İHŞİDİLER (AKŞİTLER) DEVLETİ


Mısır'da İhşidiler  devleti(935-969)
Hicaz (Mekke ve Medine) bölgesine egemen olan ilk Türk devleti

·         Abbasi devletinin merkezi otoritesini zayıfladığı dönemlerde Mısır’da kurulan ikinci Türk  hanedandır.
·         Kurucusu Muhammed, Fergana hükümdar ailesinden geldiğinden dolayı kendisine halife tarafından “İhşid” unvanı verilmişti. Muhammed’in babası Tuğç, eski Mısır hükümdarı Tolunoğlu Ahmet‘in hizmetine girmiş fakat  onunla arası bozulunca halife Müktefi’nin isteği ile Suriye’de Karmati saldırısının  önlenmesinde hizmetleri olmuştu.
·         Tuğç, Tulunilerin Mısır hakimiyetine  son veren Muhammed b. Süleyman ile birlikte hareket edip Kinnesrin valiliğine atansa da Abbasi veziri Abbas b. Hasan el-Cercerâî ile arası bozulunca hapsedildi ve hapis hayatında iken hayatını kaybetti(907).

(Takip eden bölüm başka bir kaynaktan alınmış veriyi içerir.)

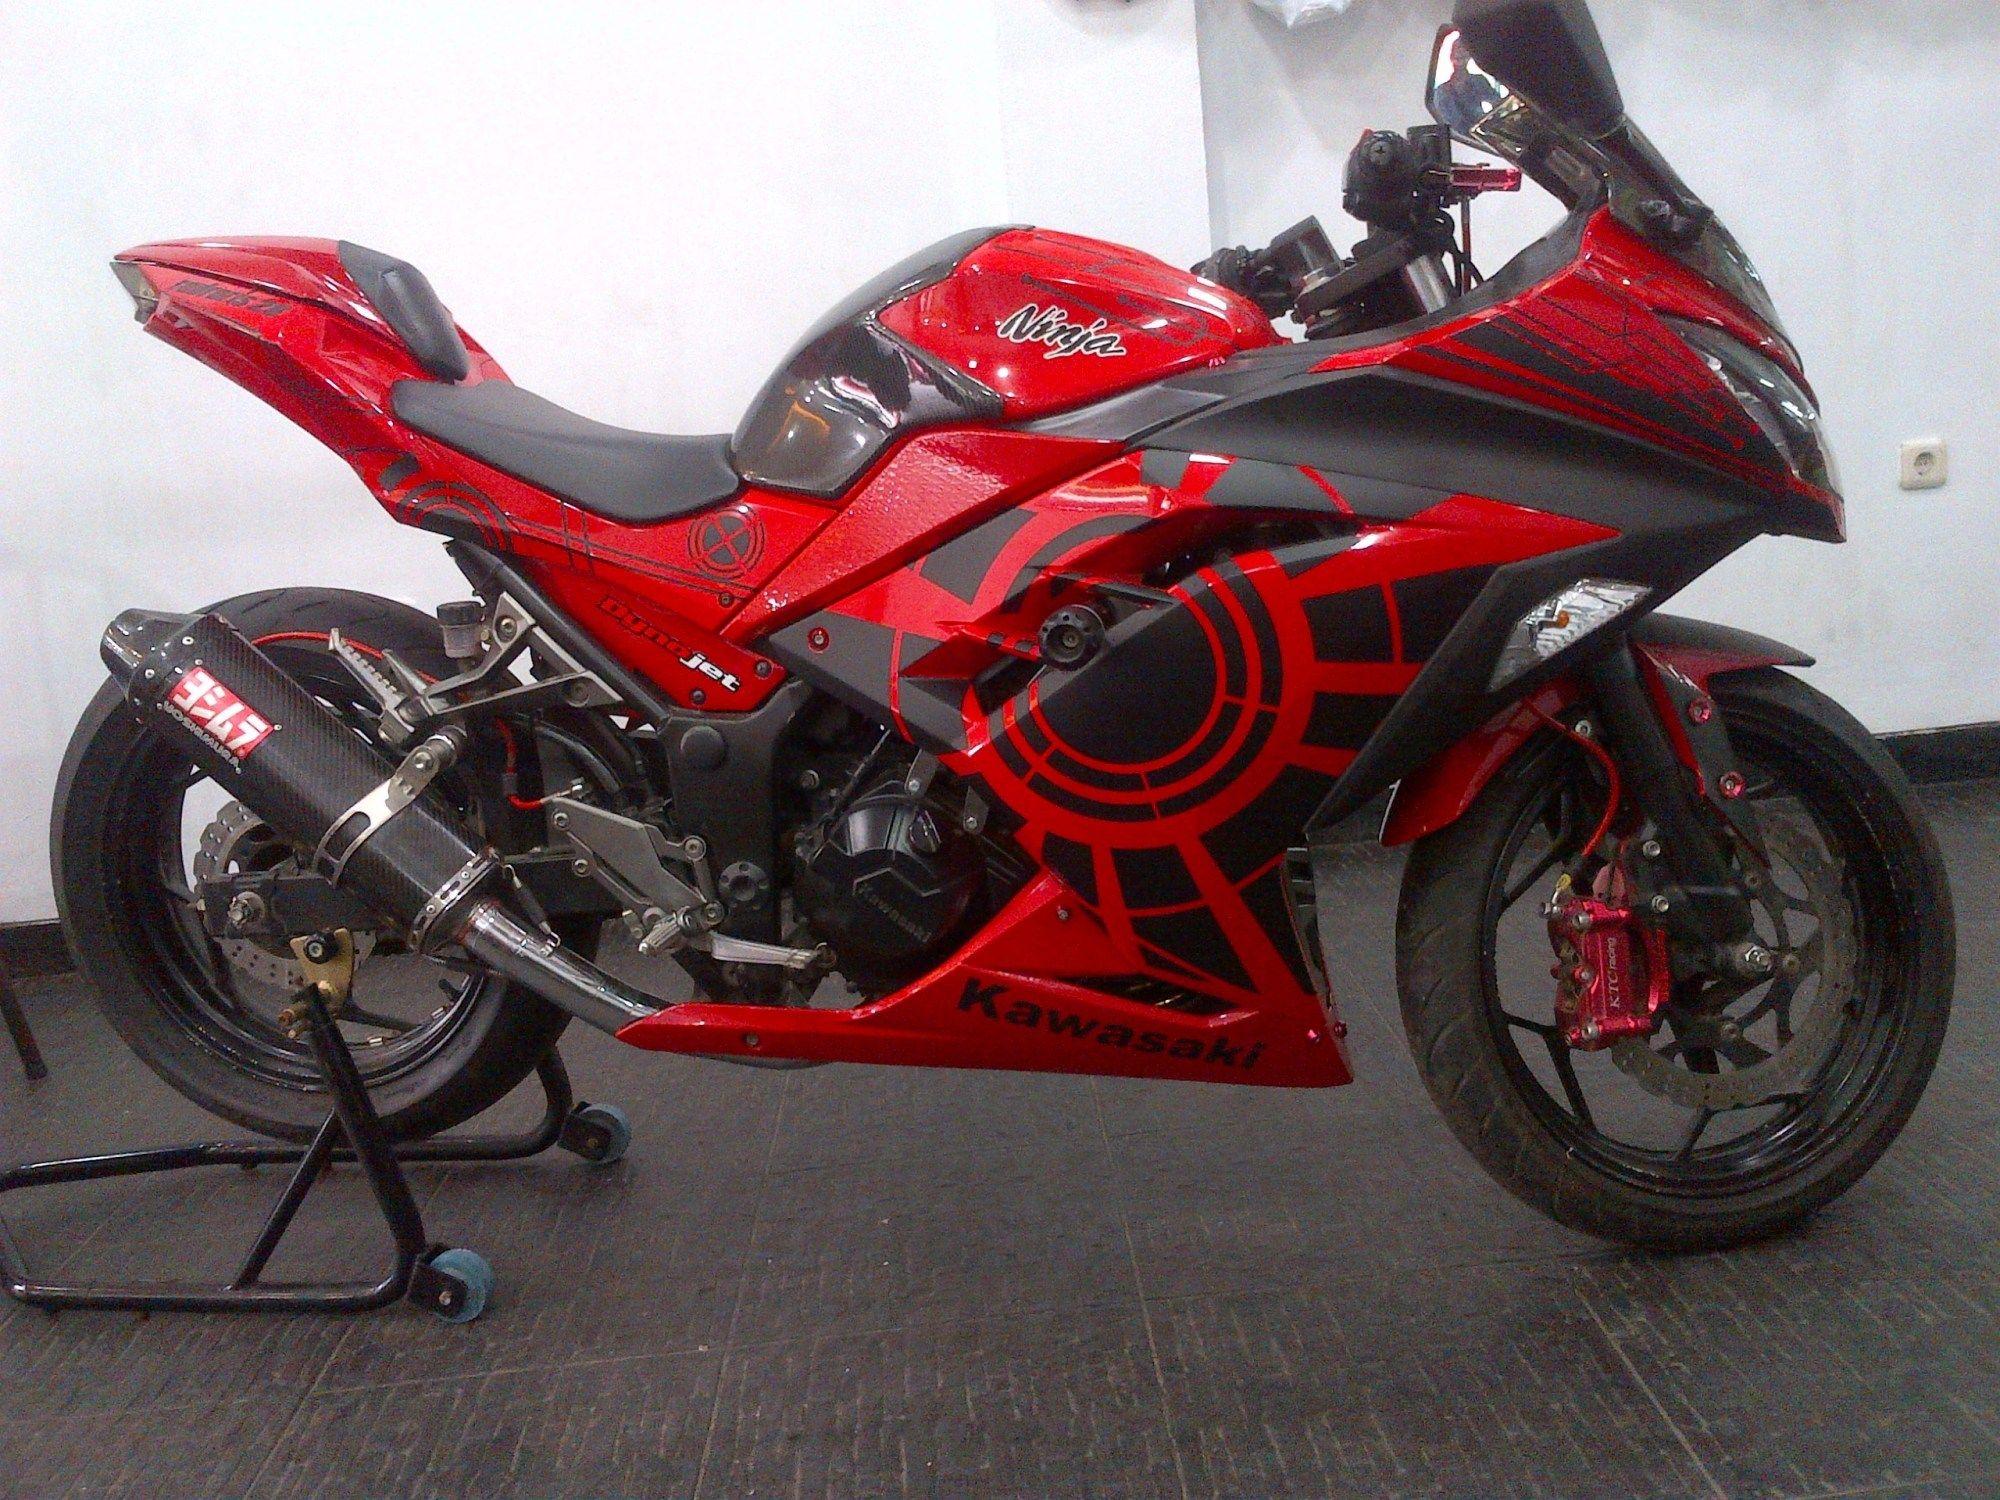 modifikasi motor kawasaki ninja 250 fi merah | modifikasi motor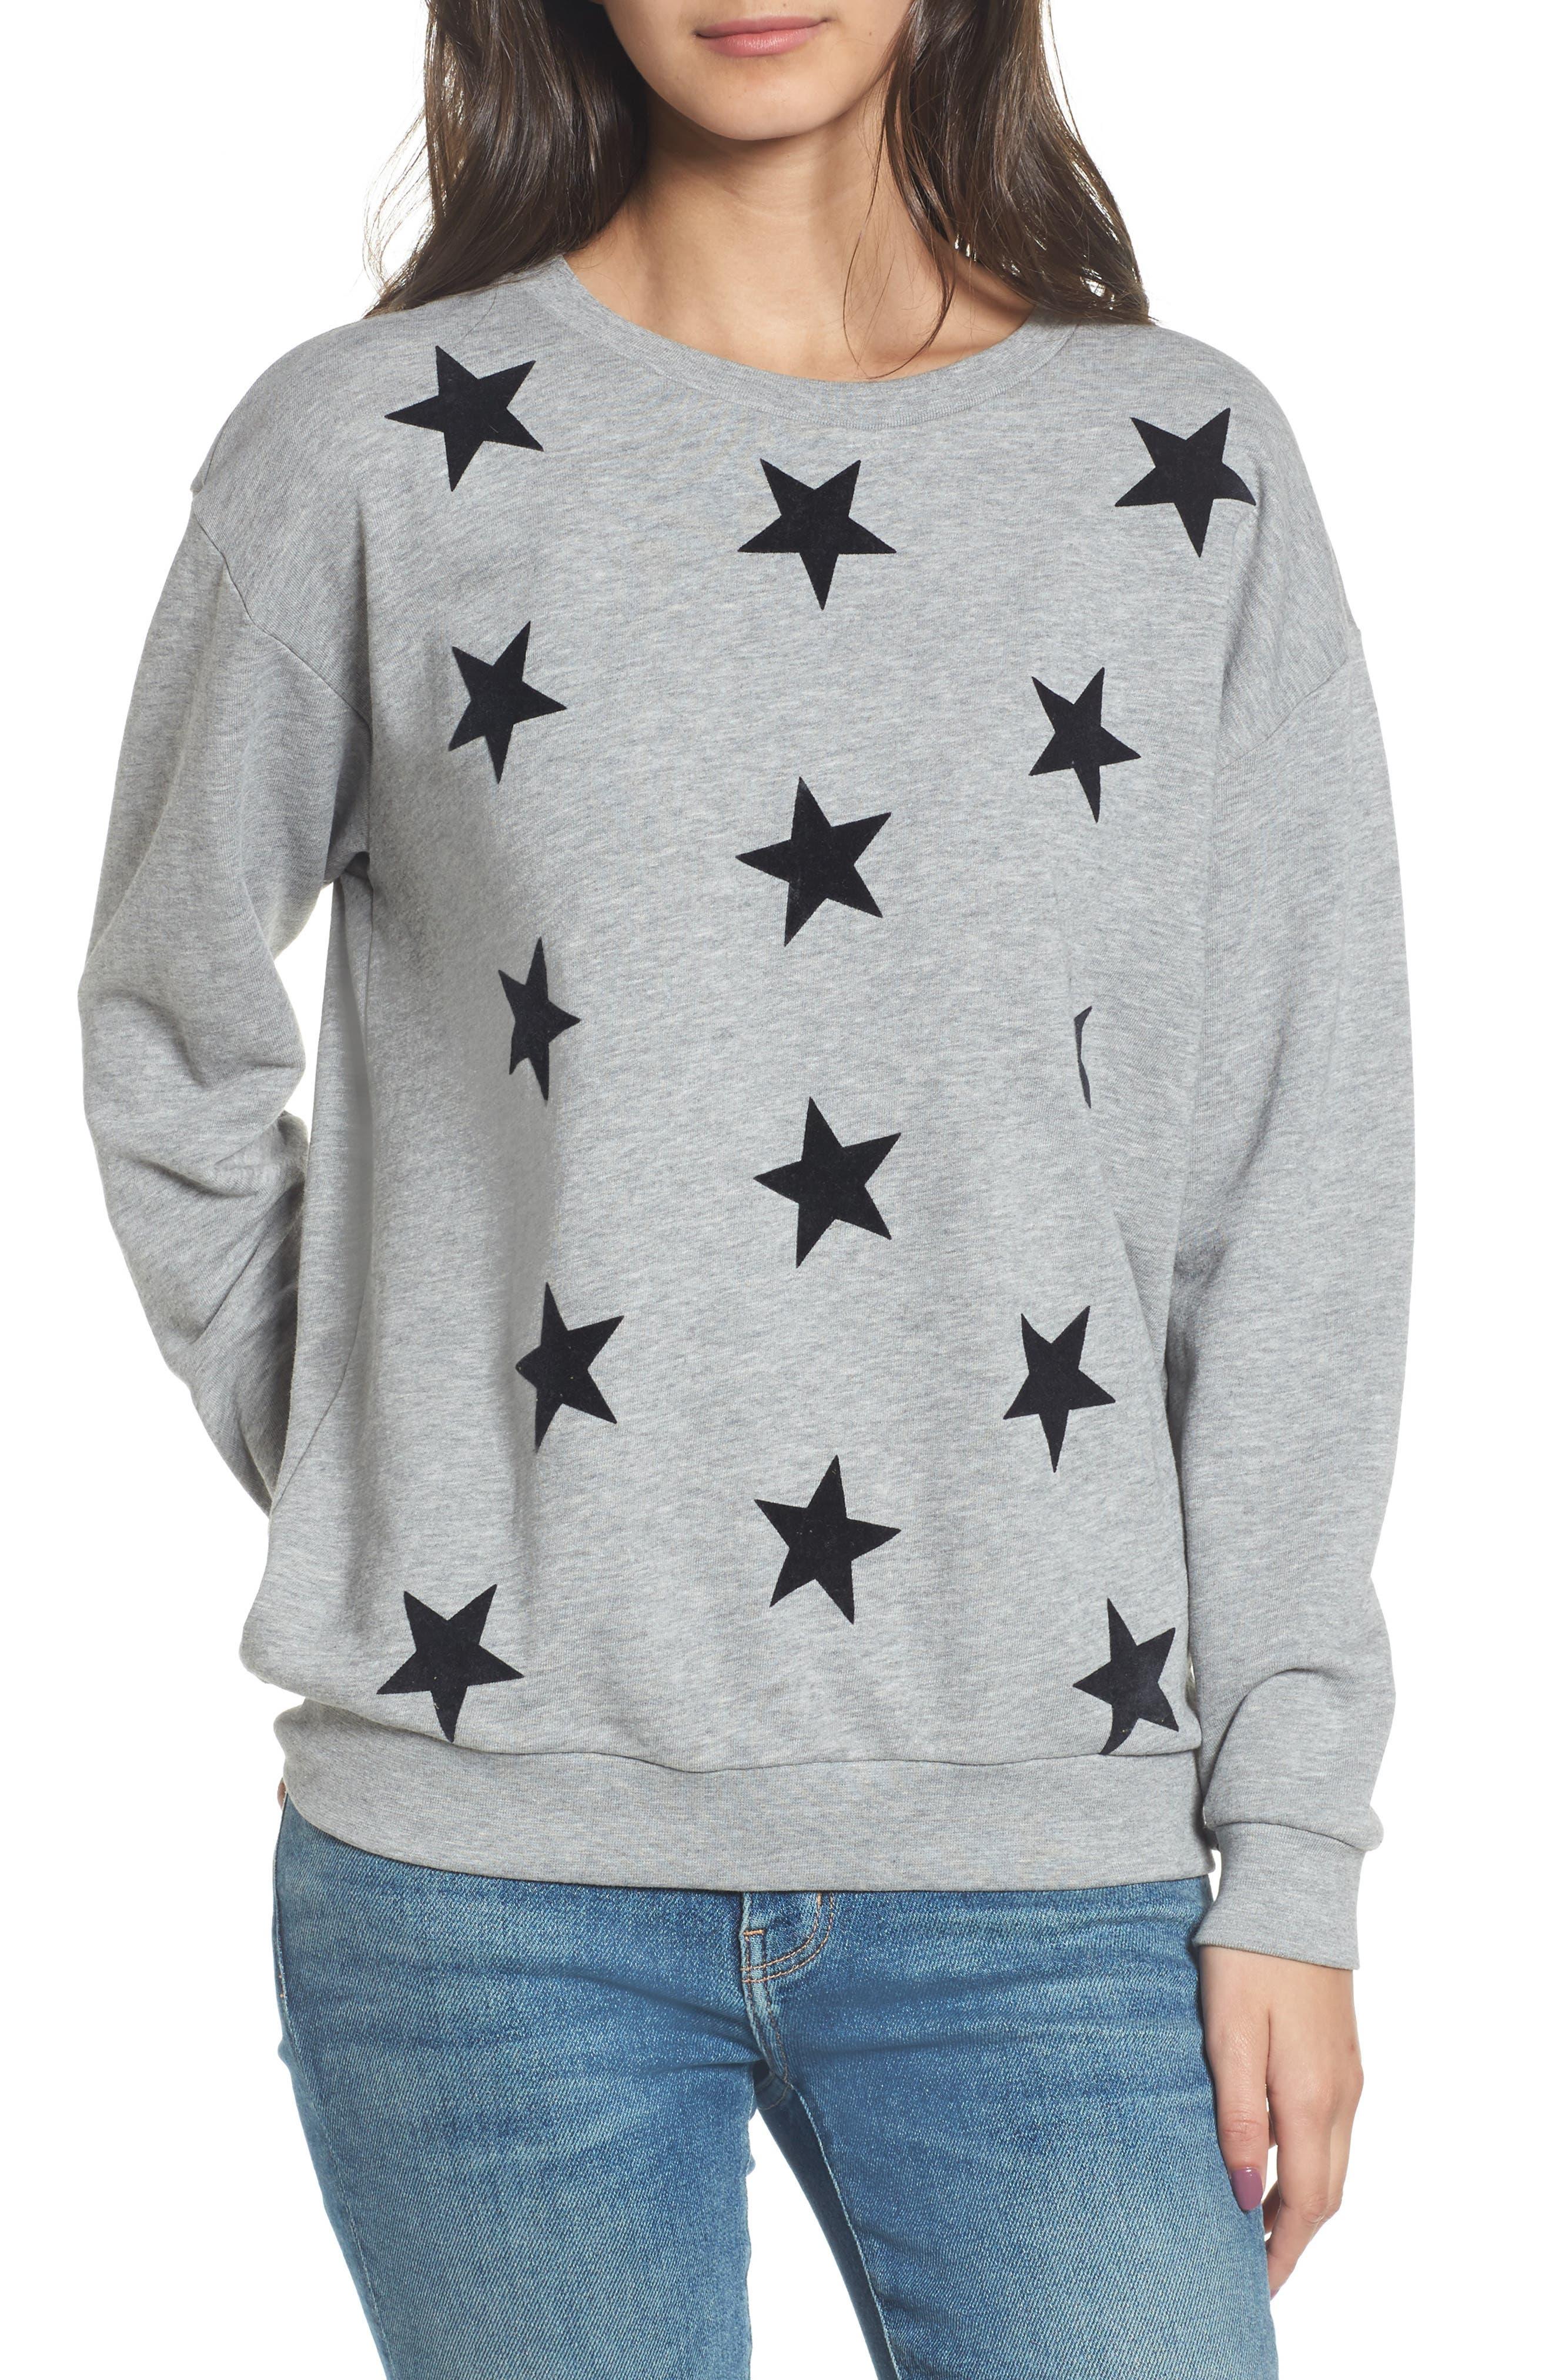 Alexa - Super Stars Sweatshirt,                             Main thumbnail 1, color,                             GREY

·         Muhammed b. Tuğç (935-946)
·         Tuğc’un oğulları Muhammed ve Ubeydullah, Hamdânoğulları’ndan Hüseyin b. Hamdân ile anlaşıp Vezir Abbas b. Hasan’ı ortadan kaldırdılar. Muhammed b. Tuğç, bu olayın ardından Mısır Valisi Ebû Mansûr Tekin’in hizmetine girerek Fatımilerin Mısır’a baskısını o dönem için engelledi (915). Mısır valisi ile arası bozulunca Abbasi halifesi tarafından  Suriye  valiliğine getirilse de o daha önce görev yaptığı Mısır valiliğini istemesi karşısında önce Halife Kahir-Billâh tarafından bu göreve getirilir ama kısa süre sonra azledilir ama yeni halife Râzî-Billâh, onu tekrar Mısır valiliğine getirmesi Muhammed’in amacına ulaşması için fırsatı yaratır. Mısır valisi olarak atanan  Muhammed b. Tuğç Mısır’da İhşidiler’in hanedanını  başlatmış  oldu (935). Muhammed, hanedanın merkezini  Tuluniler gibi Fustat seçmişti. Halife kendisine Fergana hükümdarlarının kullandığı “ihşîd” unvanını verdi. İhşîd, prens veya hükümdar anlamında Farsça bir unvandır.

İhşidilerin bayrağı

·         Muhammed, EbûBekr Muhammed el-Mâzerâî adlı maliyeci ile uğraştıktan sonra onu hizmetine alarak maliyesini güçlendirme yolu buldu.
·         Bu dönemde Fatımilerin Mısır’a egemen olma hedefleri devam ederken kendisinin güçlenmesi Abbasilerle arasının bozulmasına neden oldu. Abbasilerin komutanı  Muhammed bin Raik Mısır’ı ele geçirmek için Ariş’te mücadele etse de bu savaşı kaybetti.
·         Halife Müttaki Lillah, Mısır’ın Muhammed b. Tuğç’a ait olduğunu kabul etti. Bu sırada Muhammed b. Râik  Hamdaniler tarafından öldürülmüş ve   Muhammed b. Tuğç bundan istifade ile bütün Suriye’ye egemen olmuştu. Irak’ta Türk komutan Tüzün’ün halifeye baskısı üzerine halifeye yardım vaat ederek halifeden Mısır valiliğinin otuz yıllığına kendisine ait ve oğlu Ebü’l-Kāsım Ûnûcûr’un kendi veliahtı  olduğunu kabul ettirdi.  
·         Suriye için yapılan mücadeleler sonucunda Hamdanilerden Seyfüddevle ile ile anlaşarak Suriye’yi aralarında paylaştılar. Kuzey Suriye Hamdanilere ait olacakken Güney Suriye İhşidilere ait olacaktı(946). Muhammed’in ölümünden sonra başa geçen oğulları yetenekli olmadıklarından dolayı sadece sembolik olarak başta kaldılar.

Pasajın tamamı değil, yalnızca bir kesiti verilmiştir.